The most meaningful moments for me are when students reach out a semester later, or couple of years later, and take note of how the things we’ve learned together have framed the way they now see the world or tell me about what they’re doing to make the world a better and kinder place. In my short time teaching at Michigan, those have been the most meaningful moments – they’re what inspire me and give me hope for the future.
What’s one thing you’re especially excited about right now here at U of M?

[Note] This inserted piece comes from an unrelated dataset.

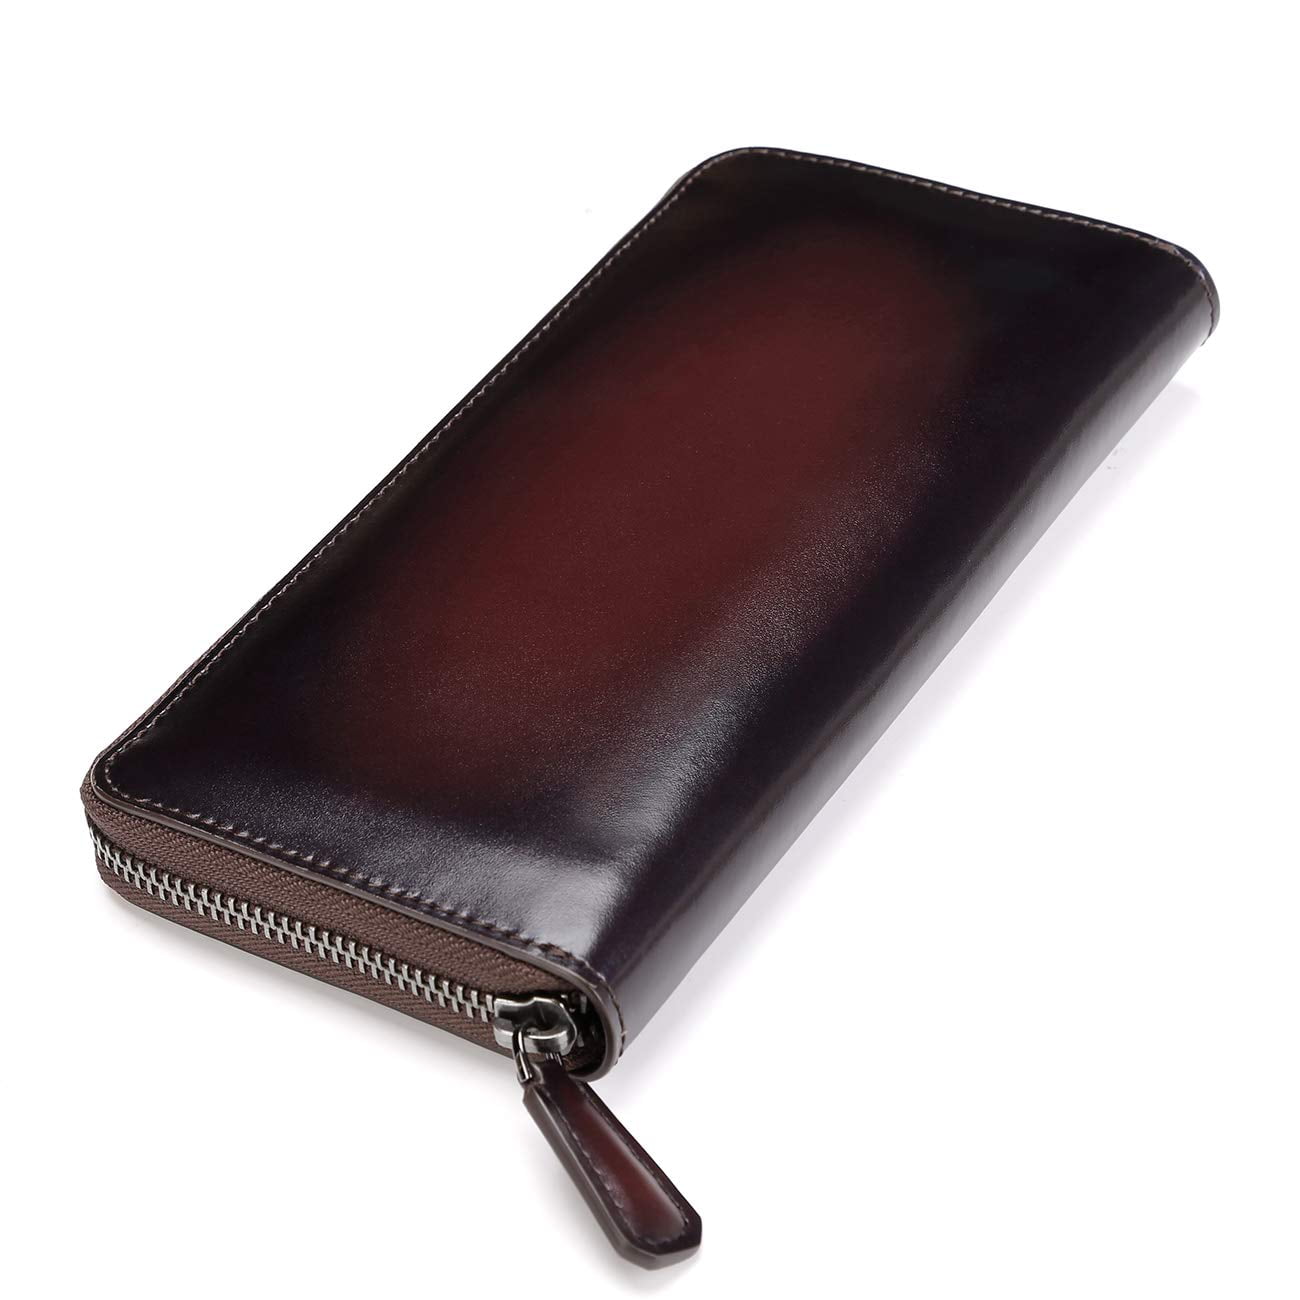 Italian Calfskin TERSE Mens Leather Wallet Clutch Purse Long Wallet Phone Case With Card Cash Holder

I've just jumped on a collaborative and interdisciplinary project that's funded by the Humanities Collaboratory called “Expanding the Reach of the Global Feminisms Oral History Archive,” which is part of the Global Feminisms Project based here at U of M. It’s a two-year grant. I’ve been working on that since May, and I’m looking forward to the next couple years.
I’m also excited about the way it intersects with my future research. As part of my [next research] project, I’m interviewing five US-based activists and scholars who are working on gender, environment, and health. That'll be next summer.
What’s one thing you’re especially excited about right now that’s completely outside of your work here?
I’m excited about just getting to root down in Ann Arbor. We moved here five years ago and didn’t know how long we’d stay. And now that we know we’re staying, I’m just really looking forward to continuing to root down and make this our home.